§ SUPPLIED INFORMATION
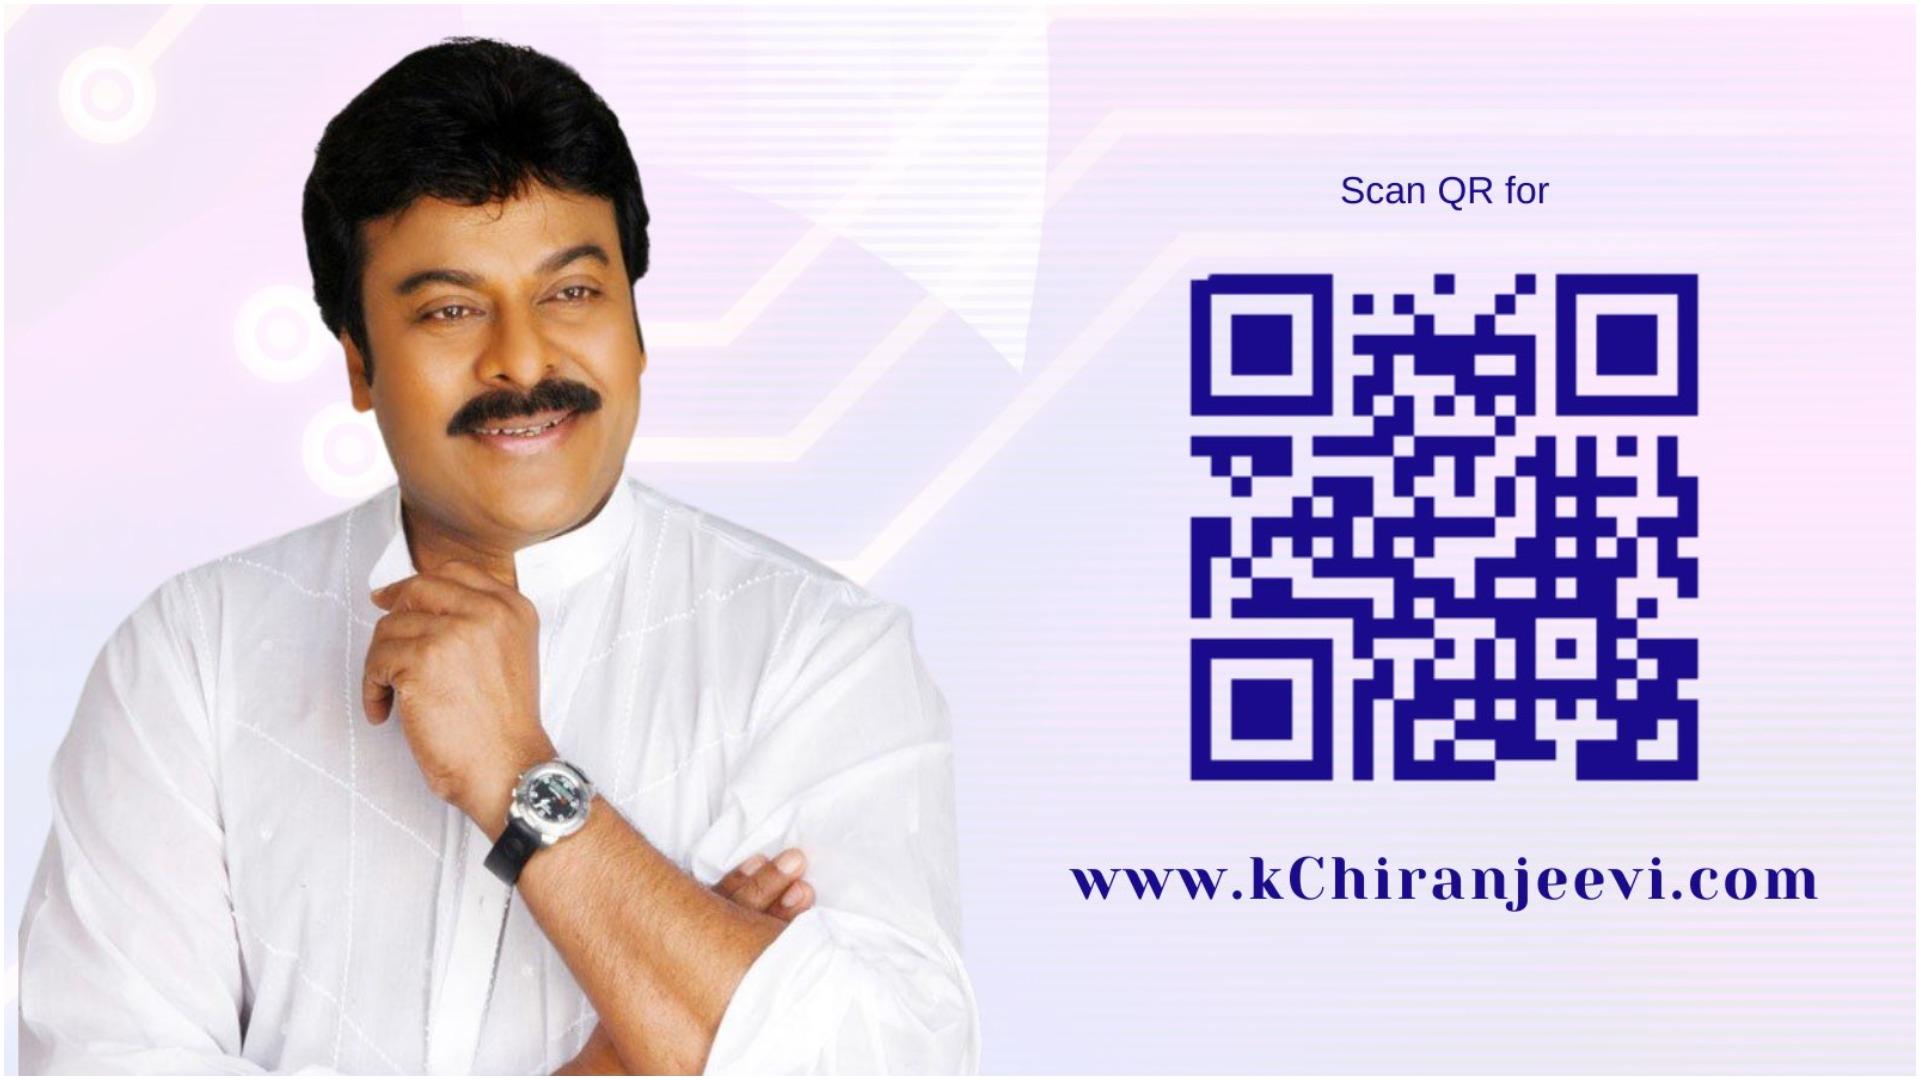 Ram Charan Teja launches 'Chiranjeevi Charitable Trust' website!
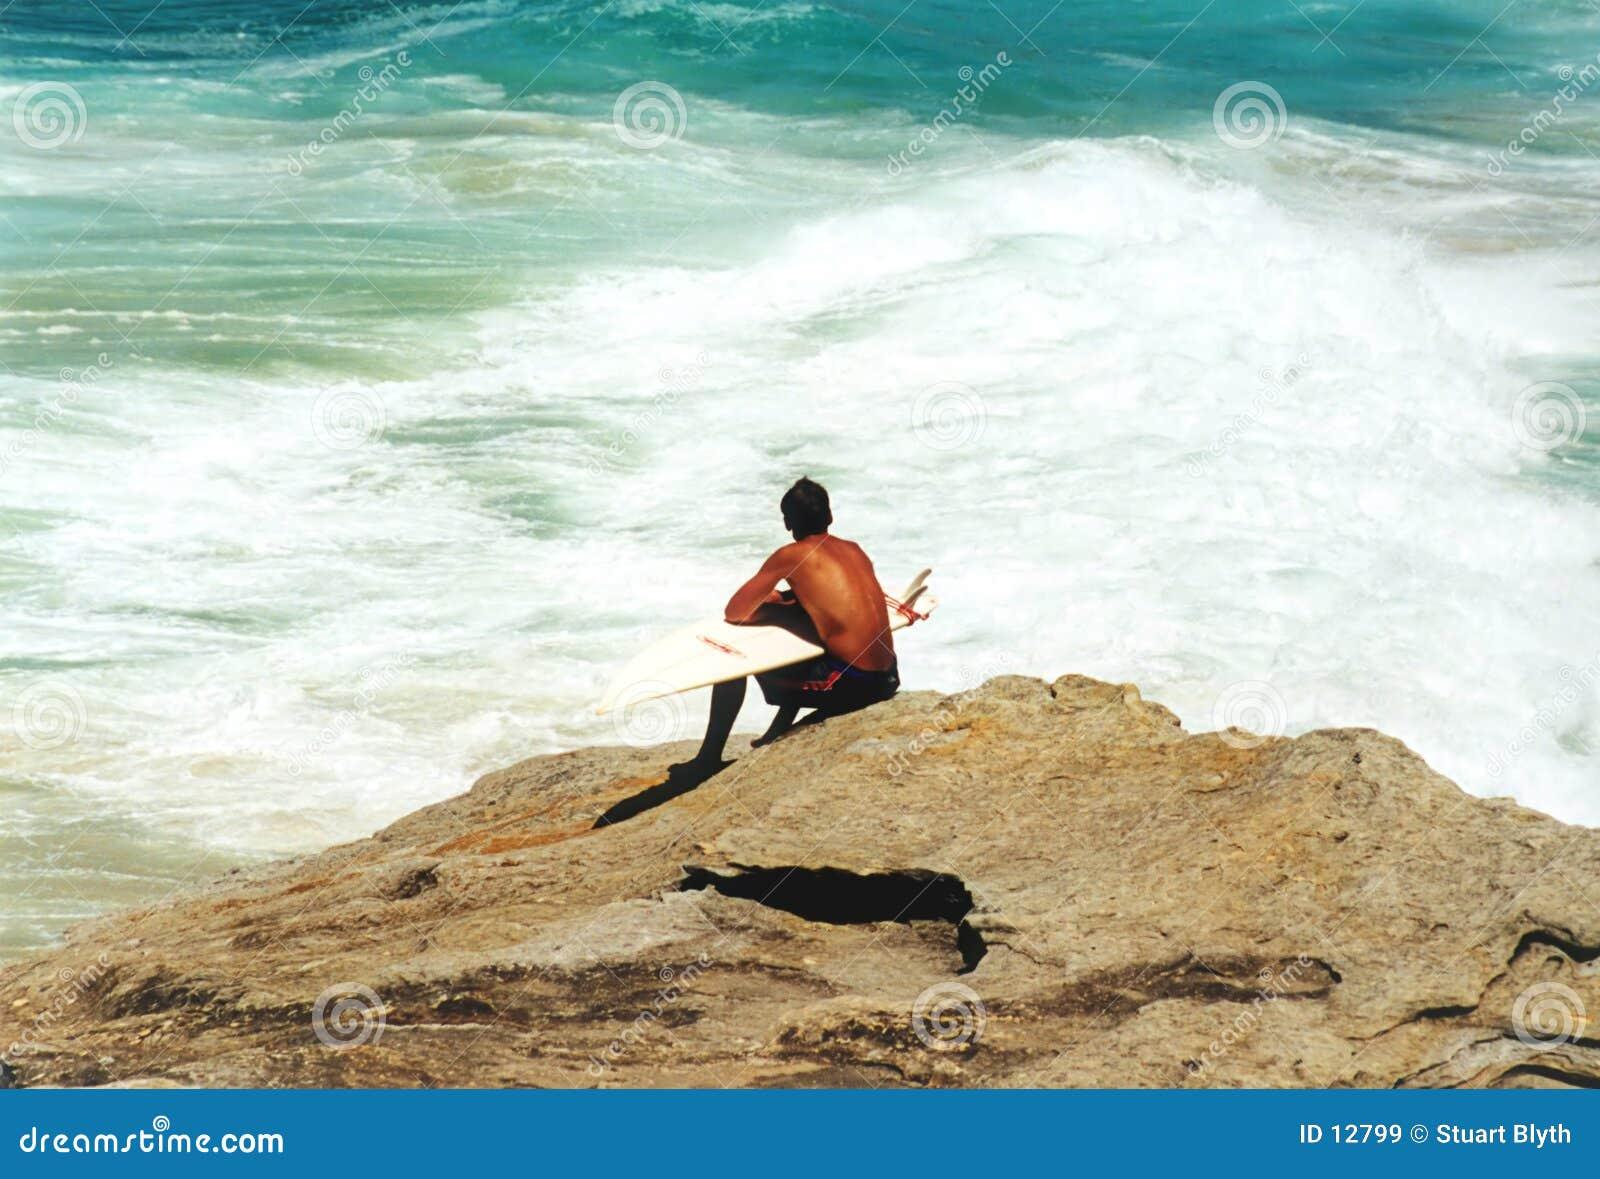 Surfer Waiting
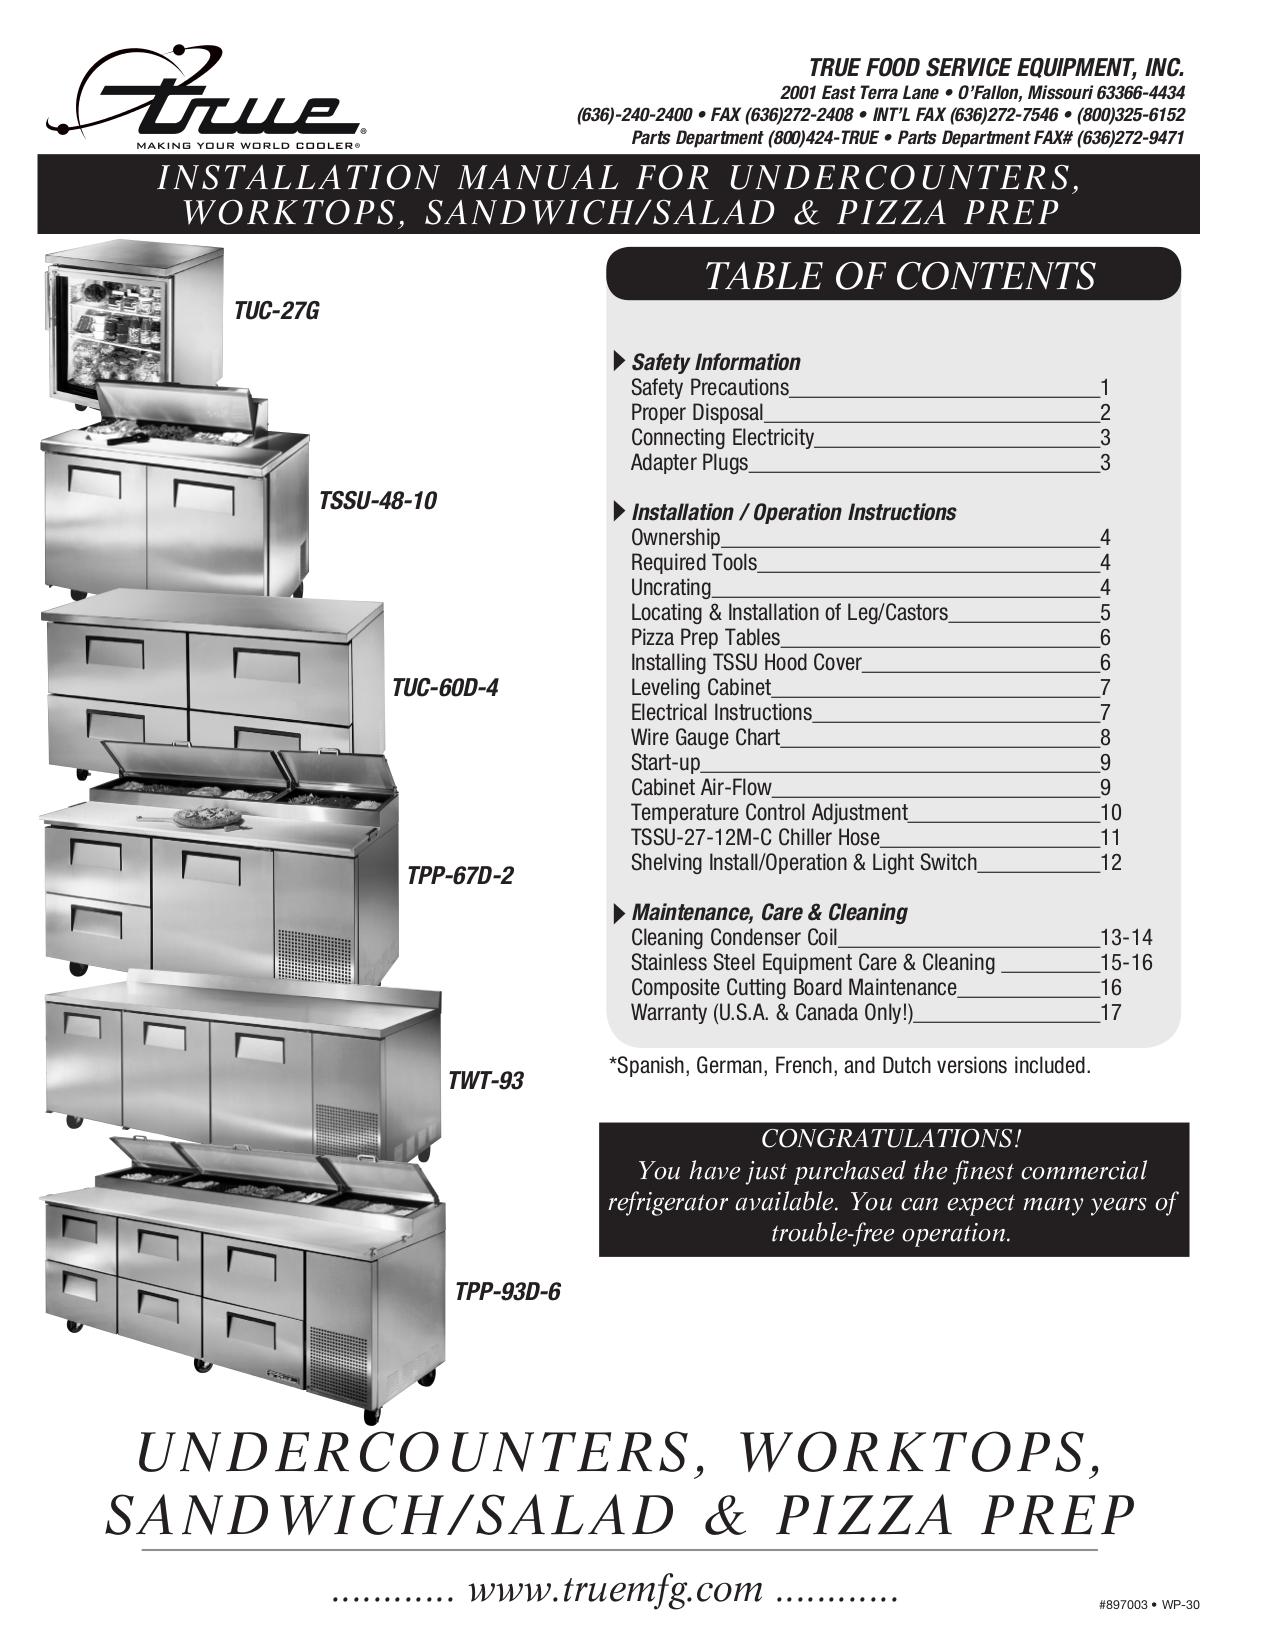 TSSU_Manual.pdf 0 download free pdf for true tuc 27 refrigerator manual true tuc-48 wiring diagram at cos-gaming.co

§ WHAT YOU HAVE TO DO
Copy the data word for word, no pictures.

§ RESPONSE
 Ram Charan Teja launches 'Chiranjeevi Charitable Trust' website!
 Surfer Waiting
 TSSU_Manual.pdf 0 download free pdf for true tuc 27 refrigerator manual true tuc-48 wiring diagram at cos-gaming.co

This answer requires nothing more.